O objetivo principal era usar o aprendizado de máquina ou outros métodos de IA para detectar convulsões o mais cedo possível, enquanto utilizava o mínimo de canais EEG. Normalmente, o fone de ouvido de padrão internacional possui 21 canais (incluindo referência e terra) embutidos em uma engenhoca do tipo swimcap. É intensivo em dados, volumoso e desconfortável para o uso diário.

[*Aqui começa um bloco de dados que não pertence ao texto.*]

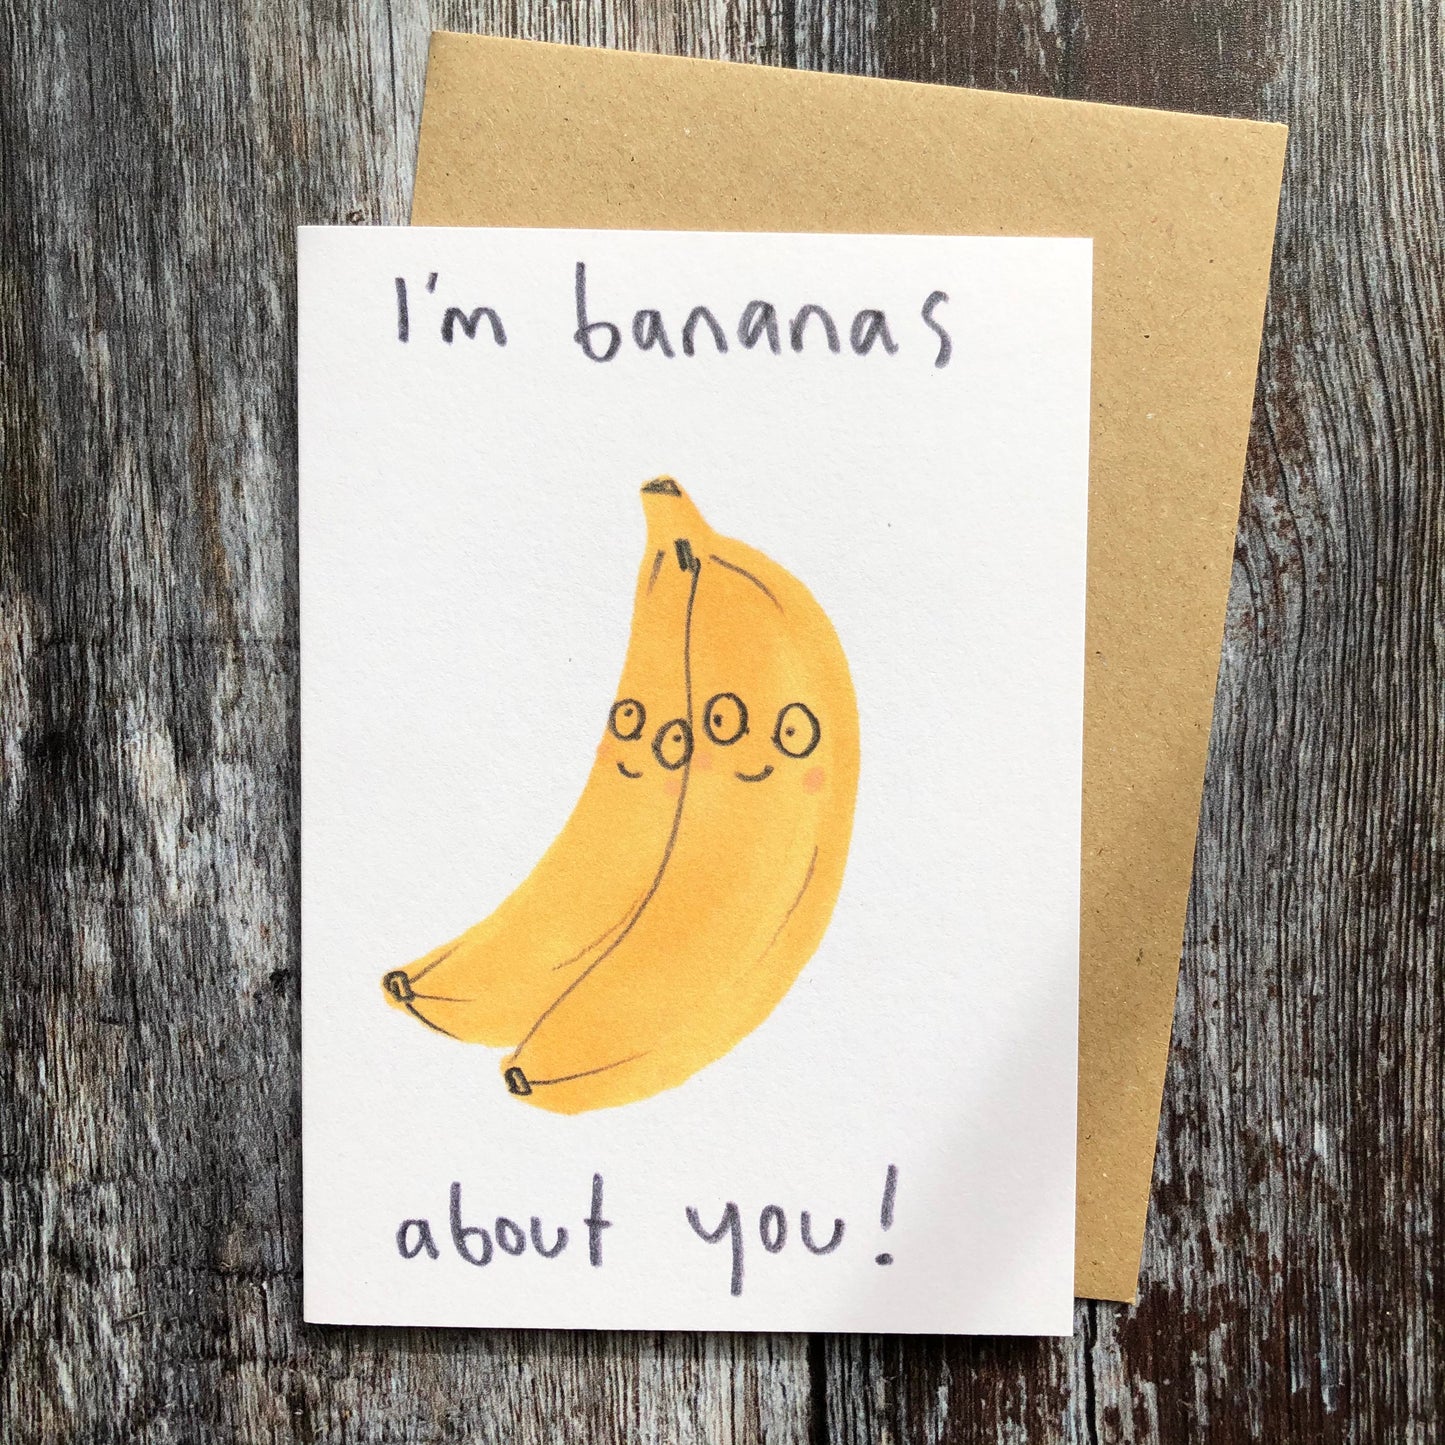 I'm Bananas about you, Love Fruit and Veg 872

“Ao diminuir o número de canais necessários para detectar convulsões, poderíamos potencialmente criar um equipamento mais confortável para ajudar as pessoas com epilepsia a monitorar suas convulsões em casa”, disse Iskander.

Para orientar os participantes, Roy na NeuroTechX e Picone na Temple University organizaram uma sessão de demonstração on-line sobre estrutura, organização e análise de dados, enquanto o desafio manteve um canal animado do Slack para apoiar perguntas imediatas.

“A competição nos mostrou que grandes conjuntos de dados clínicos não são ‘problemas de livros didáticos’ que você vê na escola quando começa. Os dados são confusos, provêm de diferentes equipamentos de hardware e são usados ​​de maneira diferente por vários profissionais “, disse Roy. “Essa variabilidade é um desafio para treinar modelos de alto desempenho. Mas também é necessário que o modelo de IA generalize bem a partir do conjunto de dados de treinamento “.

No total, em apenas 6 semanas, incluindo recrutamento, treinamento e avaliação de modelo de dados, o desafio recebeu 15 envios, com várias soluções superando os modelos atuais de detecção de crises.

“Os sistemas com melhor desempenho deste ano foram baseados em aprendizado profundo. Encontramos duas descobertas importantes: a primeira, que o pré-processamento dos dados pode resultar em melhorias significativas no desempenho, a segunda, que a redução inteligente do número de canais de EEG, se executada corretamente, pode fornecer um ótimo desempenho com uma complexidade significativamente reduzida ”, disse Picone.

No espírito da ciência aberta, o código do vencedor será lançado on-line para que outras pessoas continuem desenvolvendo. Os resultados da competição serão apresentados no Simpósio de Processamento de Sinais IEEE em Medicina e Biologia na Temple University, na Filadélfia, PA, em dezembro deste ano.

O conjunto de dados de desafio permanece aberto hoje para outras pessoas analisarem. Para a equipe tri-organizacional, no entanto, o desafio foi uma vitória inequívoca.

“Após esse desafio bem-sucedido, já estamos ansiosos pelo próximo!” disse Roy.

“Ainda estamos longe da aceitação clínica, os resultados da competição demonstram que o desempenho melhorou significativamente no último ano. É apenas uma questão de tempo até que o desempenho clinicamente aceitável seja alcançado “, disse Picone.

Para Iskander, o desafio é uma prova de conceito do poder de adotar uma abordagem colaborativa de dados abertos para resolver distúrbios neurológicos difíceis – mesmo que, ou especialmente durante a pandemia em que os cientistas sejam afastados de seus laboratórios.

“Estamos impressionados com as abordagens criativas exploradas nesta competição. O desafio não é o fim de tudo. Com os documentos em andamento e os resultados em aberto, esperamos que o desafio ajude a acelerar o monitoramento remoto de pessoas com epilepsia e a aumentar seu bem-estar durante e após a pandemia “, disse ele.

Shelly Xuelai Fan Neurocientista e autora do livro “A Inteligência Artificial nos substituirá?”.